Two weeks ago, the various stinks cowed the city into postponing a crucial vote on the project for the fifth time.
It’s a shame, especially since the real motivation behind what media coverage has deemed “community pushback” — which really means resistance from a handful of vocal left-wing politicians and activists — is antipathy to enriching real estate developers. No specific developers would even be selected for years, but in the Big Apple’s progressive circles, just being in the development business is a form of Original Sin.
The EDC’s vision calls for a holistic waterfront community on a site that’s now near-useless for its original purpose of handling shipping, and which is off-limits to the public despite its majestic harbor setting. Its less plausible goal is to modernize the terminal to facilitate “Blue Highways,” a Department of Transportation fantasy to take trucks off the streets in favor of moving goods on waterways. We await word on how furniture and such will reach Macy’s by sea.
Notwithstanding that pipe dream, the proposal is a no-brainer. Redesigning the terminal for human habitation requires no condemnation of private property — the city owns the land. No harbor views would be blocked because, presently, the terminal’s walls and fences already do that. No existing jobs would be lost, a reason why labor unions support it.
Yet, the latest postponement of the vote by a “task force” of public and private officials only empowered hostile “stakeholders” to punch more holes in the plan.
The lonely terminal site stretches from Atlantic Avenue on the Cobble Hill border to Pier 12 at Wolcott Street in Red Hook. A stroll along Columbia and Van Brunt streets — which are as close as I could get to the desolation behind — revealed glimpses of a wasteland shadowed by relics of a seafaring era that isn’t coming back.
I saw exactly three workmen in a 45-minute ramble. Many of the piers are rotted and idle. So are some cranes once used to unload ships. Half of the land is used for non-maritime purposes, e.g., a beer warehouse, a concrete-recycling plant, a US Customs inspection facility, a lumber yard and even graveyards for abandoned cars and boats.
The sprawling complex handles a paltry 60,000 tons of shipped goods each year — 1.4% of all container goods that come into New York Harbor.

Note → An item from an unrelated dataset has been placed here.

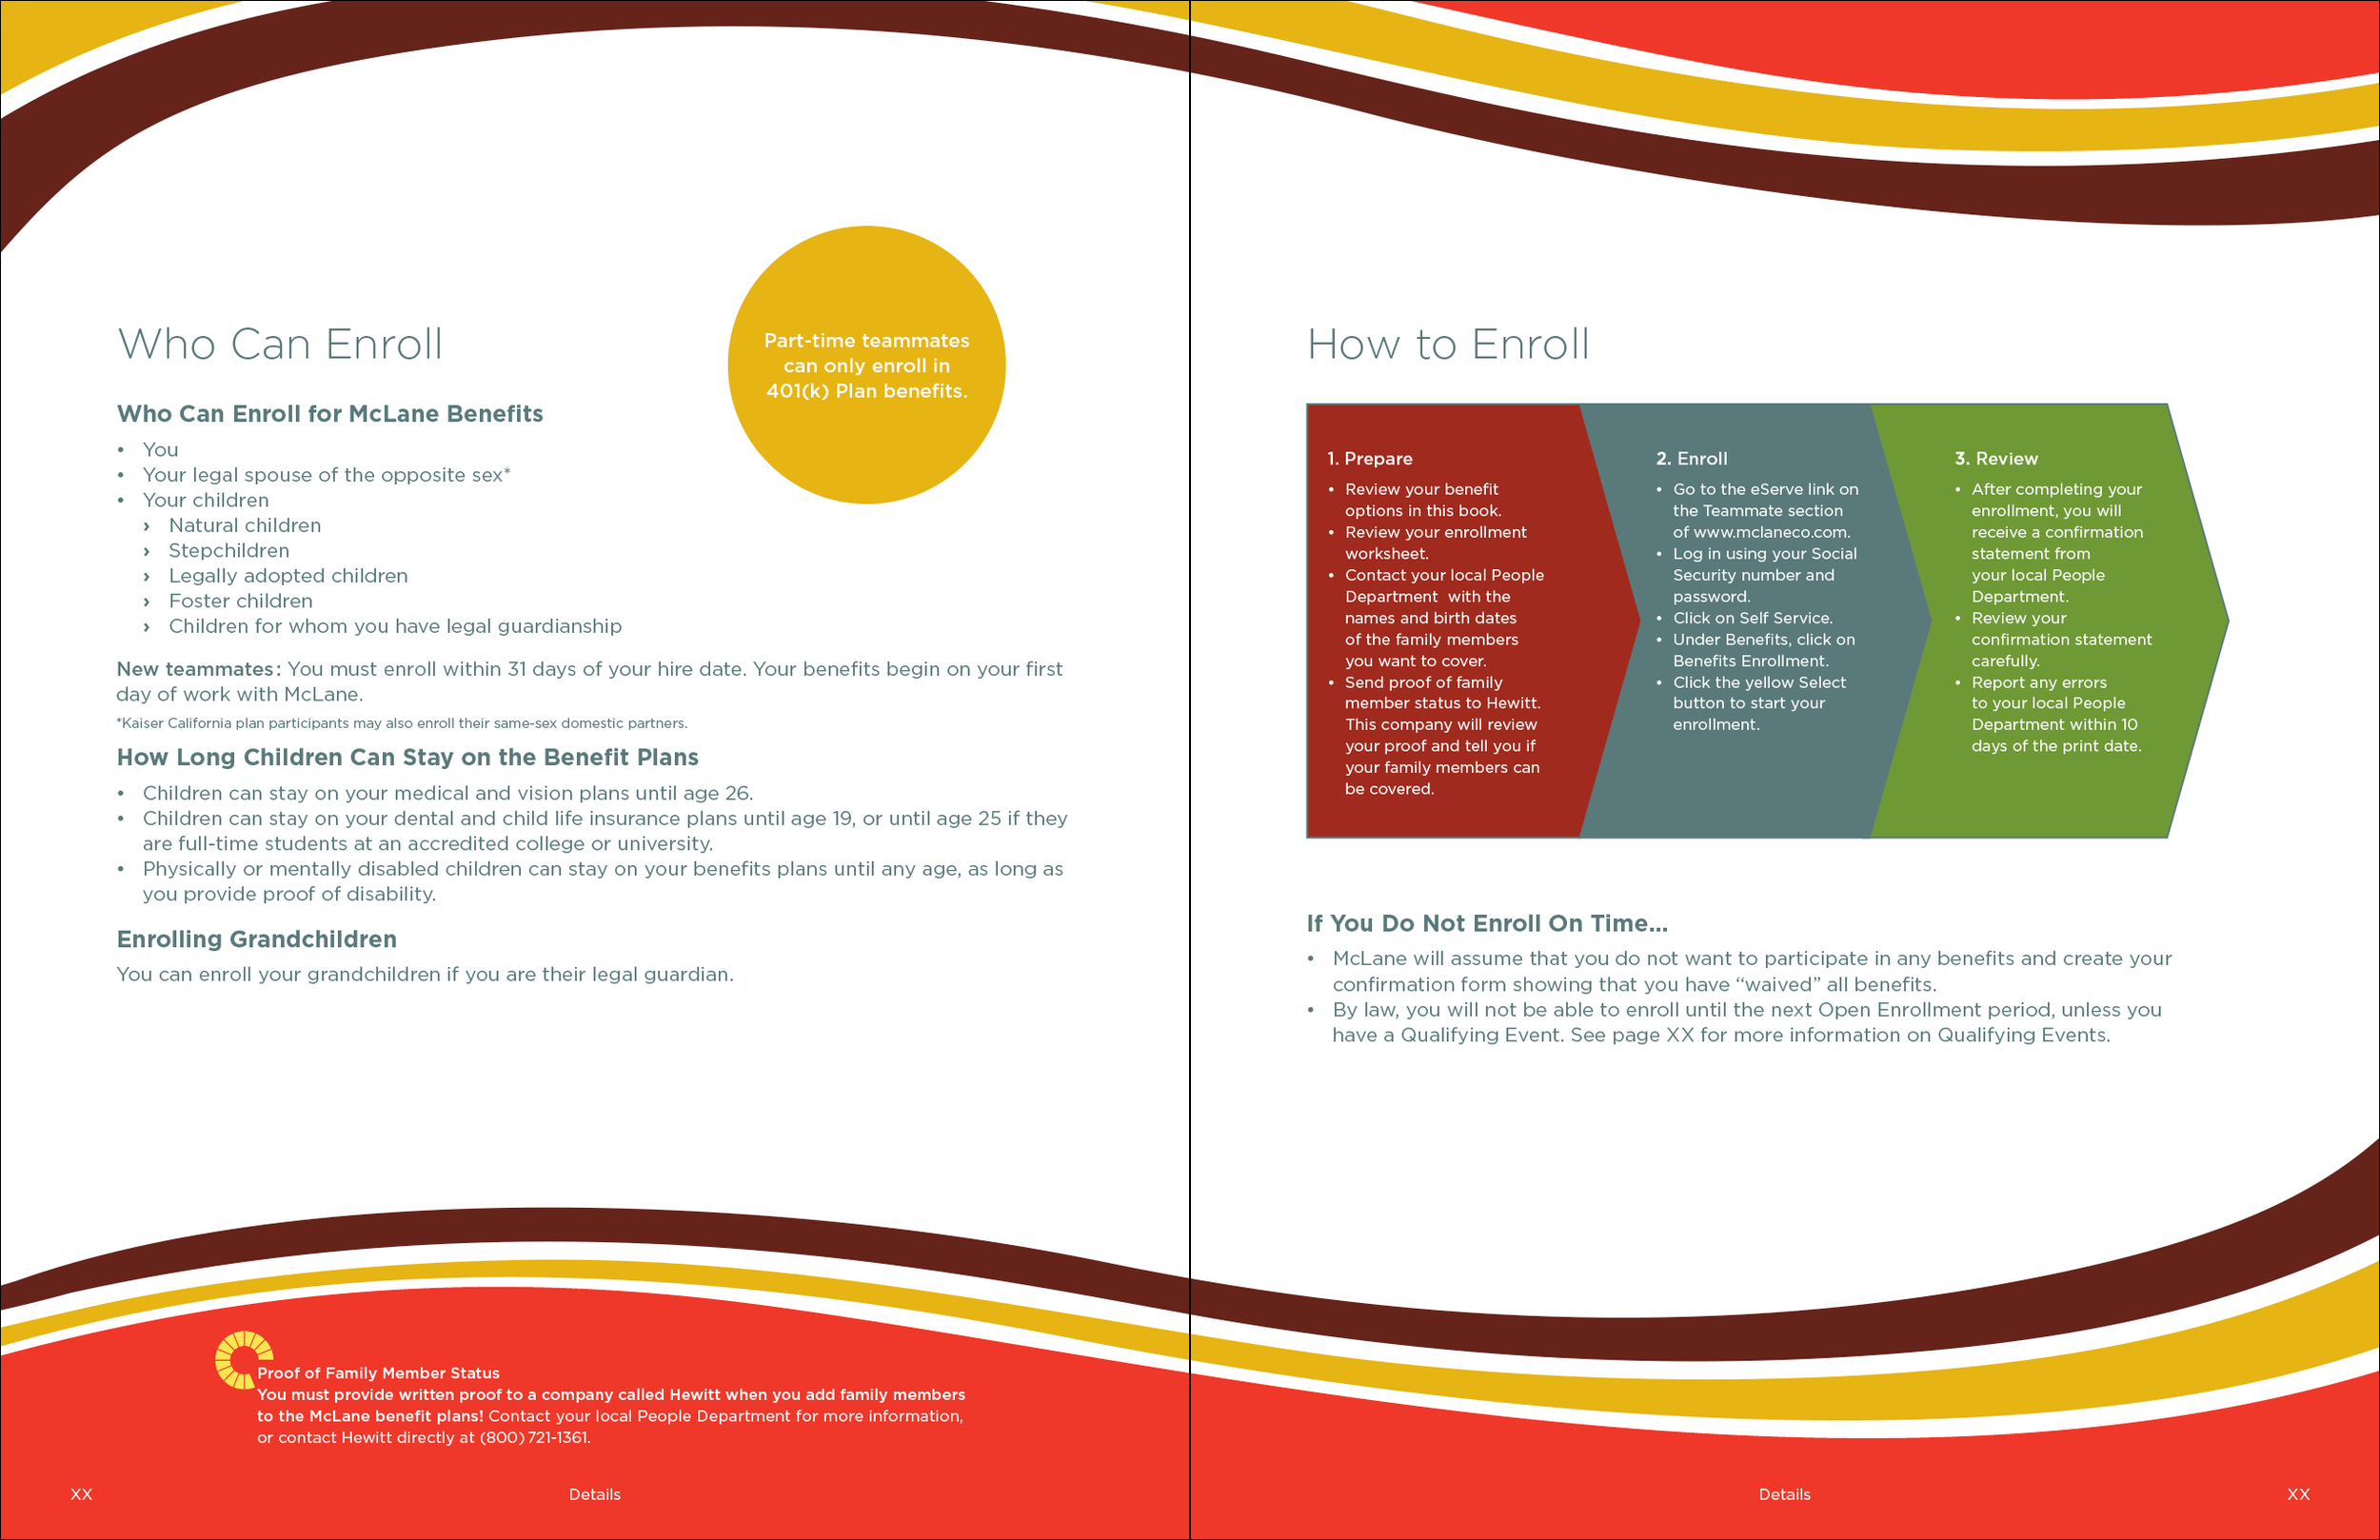 MLMCBRC15596__Benefits_Enroll_guide_single_pages_0415.jpg

Even so, Council member Alexa Aviles griped that the plan was being “force-fed” on residents. Brooklyn Borough president Antonio Reynoso complained that an initiative originally meant to improve the port for shipping and industry turned into a “largely a housing project.” But isn’t that what New Yorkers want?

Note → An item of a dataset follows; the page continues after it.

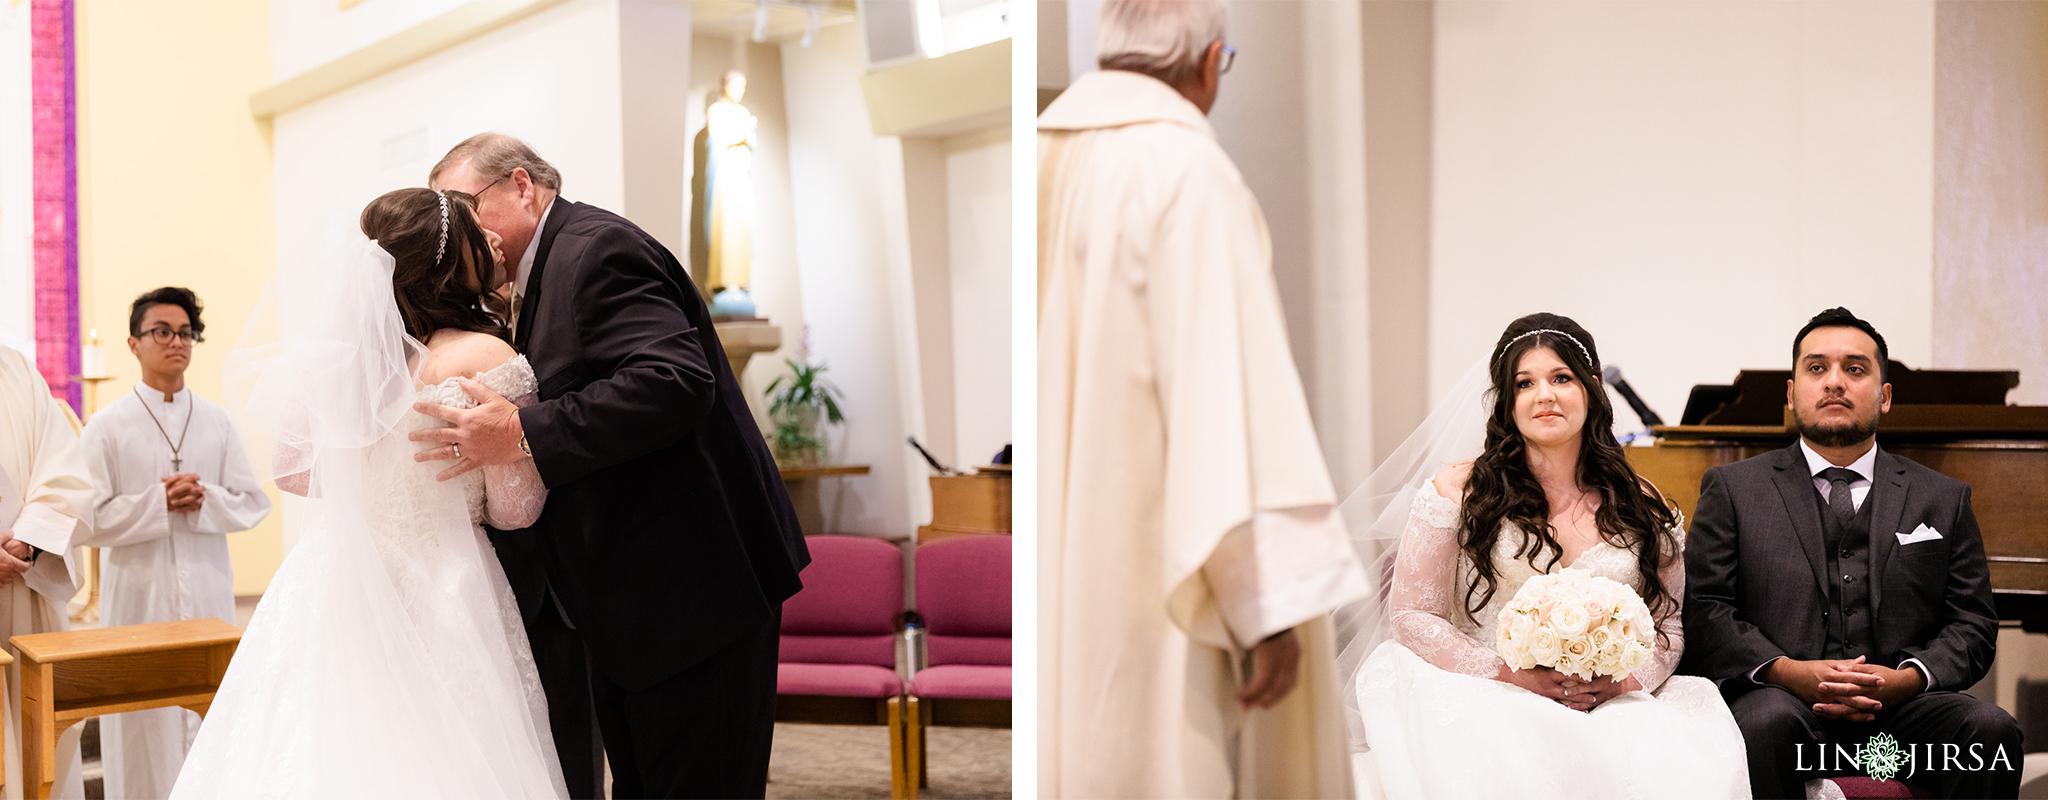 14 Saint Joseph Catholic Church Placentia Wedding Photography

Reynoso is nostalgic for the era when “New York City factories employed more than 1 million people,” as he wrote in the Brooklyn Eagle. The terminal offered “our last real opportunity to reclaim the waterfront industrial potential our city let slip away,” he continued.
Reynoso sounds as mired in the past as President Donald Trump, who believes our service-economy nation can magically recover its mid-20th Century manufacturing might. He also ignores that the Brooklyn Navy Yard is a waterfront industrial park which the city did not “let slip away,” but successfully nurtured.
Rep. Jerry Nadler wants to subject the plan’s housing component to the city’s tortuous, seven-month land-use review process, an obstacle course which has felled many a worthy plan in its tracks. He fears that thousands of new housing units would adversely affect the neighborhood. But it could only uplift the area which, despite its cutting-edge reputation for cafes and galleries, remains dominated by NYCHA’s crime-ridden Red Hook Houses complex.
The supposedly progressive obstructionists are in truth reactionaries who stand in the way of actual progress — and housing-starved New Yorkers.